An incisive collection of essays by the editor of the London Review of Books, whom Hilary Mantel has called “a presiding genius”
Mary-Kay Wilmers cofounded the London Review of Books in 1979, and has been its sole editor since 1992. Her editorial life began long before that: she started at Faber and Faber in the time of T. S. Eliot, then worked at the Listener, and then at the Times Literary Supplement. As John Lanchester says in his introduction, she has been extracting literary works from reluctant writers for more than fifty years.
As well as an editor, Mary-Kay Wilmers is, and has been throughout her career, a writer. The deeply considered pieces in Human Relations and Other Difficulties, whether on Jean Rhys, Alice James, a nineteenth-century edition of the Pears’ Cyclopaedia, novel reviewing, Joan Didion, mistresses, seduction, or her own experience of parenthood, are sparkling, funny, and absorbing.
Underlying all these essays is a concern with the relation between the genders: the effect men have on women, and the ways in which men limit and frame women’s lives. Wilmers holds these patterns up to cool scrutiny, and gives a crisp and sometimes cutting insight into the hard work of being a woman.
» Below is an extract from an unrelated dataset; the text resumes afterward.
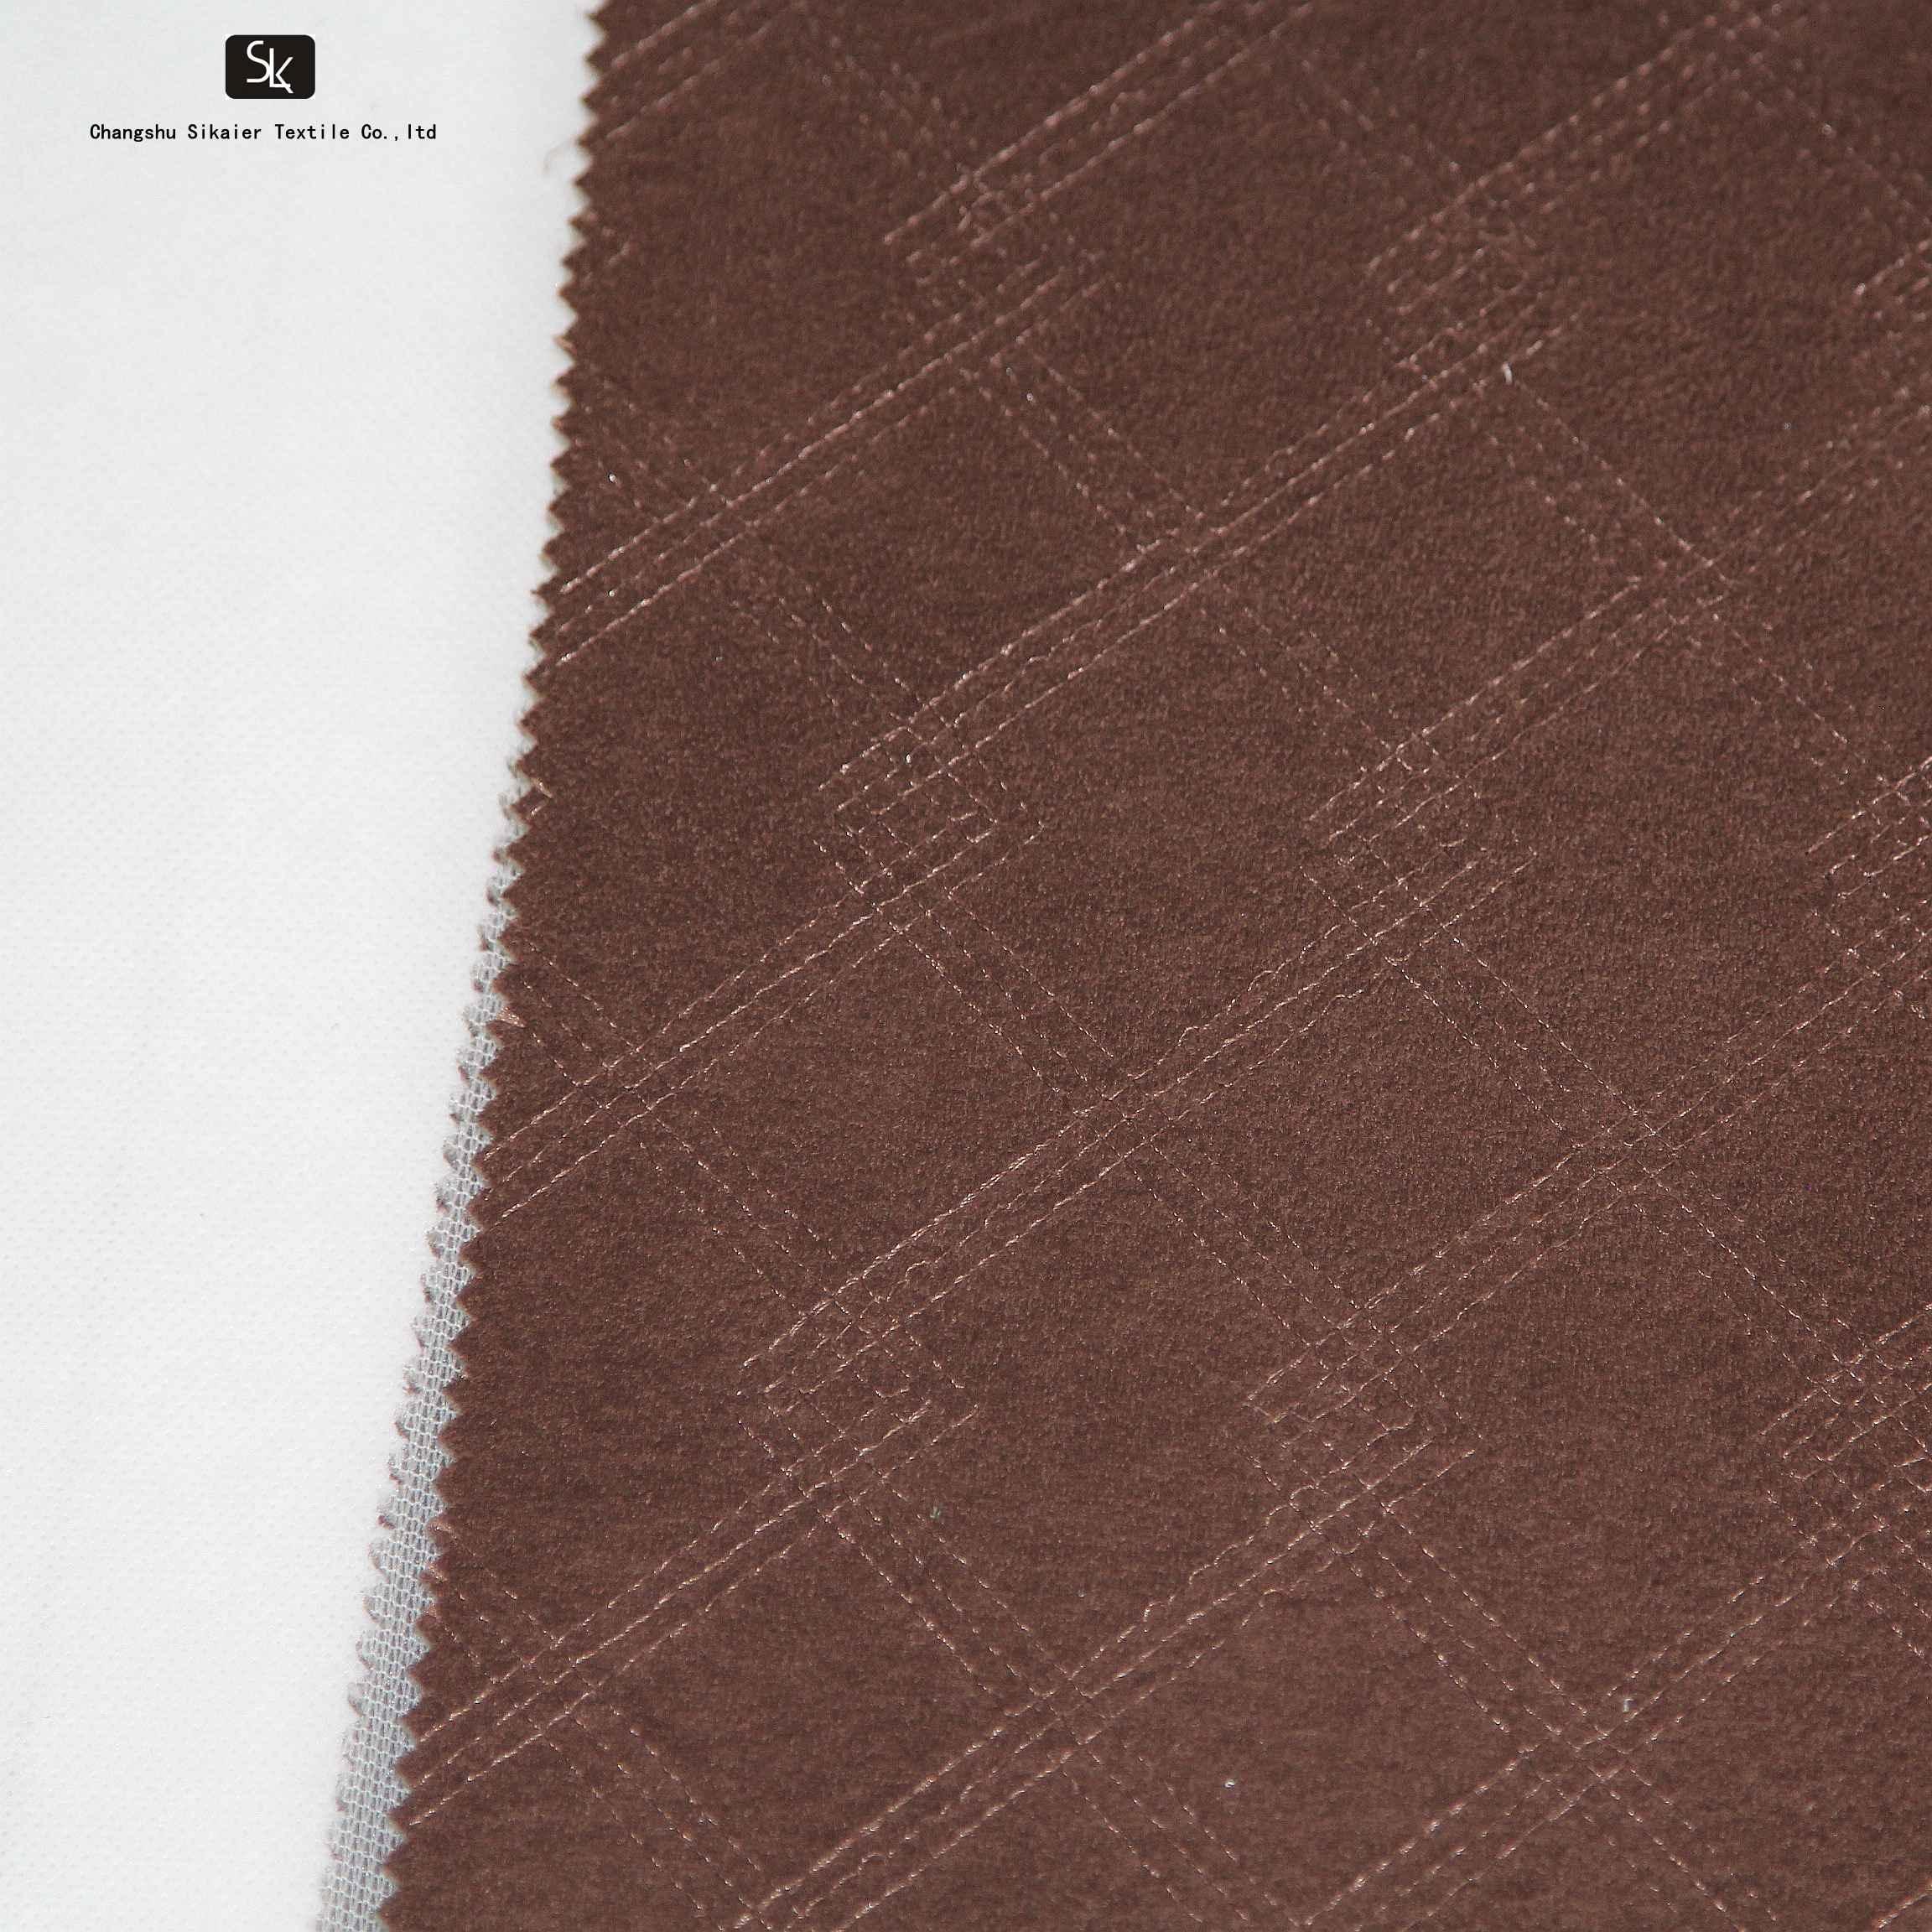 Вышитая тканая Автомобильная обивочная ткань с пеной для автомобильного сиденья/Автобусного Сиденья/дивана/мебели

Read a few reviews of this book and was intrigued. Thought I was in the mood for non-fiction essays that were clever and entertaining after reading several "heavy" novels, so was looking forward to reading some witty and well-written observations. These are the kind of pieces you'd read in the New Yorker, a variety of topics and very detailed. (And some were published in that revered magazine). But I found them to start out clever and then become tedious. The best thing I read was the introduction. I thought I'd really enjoy "The Language of Novel Reviewing" but even this didn't hold my interest. I guess this just isn't my cup of tea.
something kept me going, as i did finish it, but for the most part it was boring and inaccessible from my p.o.v. really uneven -- for each essay I enjoyed and learned something from [the one on Joan Didion and the one on psychoanalysis stood out], there were at least 3 that i couldn't remember the point of as soon as I finished it. Lots of book reviews of books I wouldn't want to read, etc.
I like the essay form, and the title is kind of catchy, so I guess that is why it caught my eye on shelf at the library, but I wouldn't recommend it to myself if the choice were to come up again.
Collection of essays that seemed so promising but, for me at least, didn't deliver. For instance, the piece on obituaries and how style--what's included, what's emphasized-- has changed over time piqued my interest, but the exposition was tedious. Similarly, the other few essays I read had the same effect.
This was exceptional. LRB co-founder and editor Wilmers, because of her somewhat taxing day job, has had a limited output, so this collection draws together her somewhat disparate writings. She always has something very worthwhile to say and says it very very well.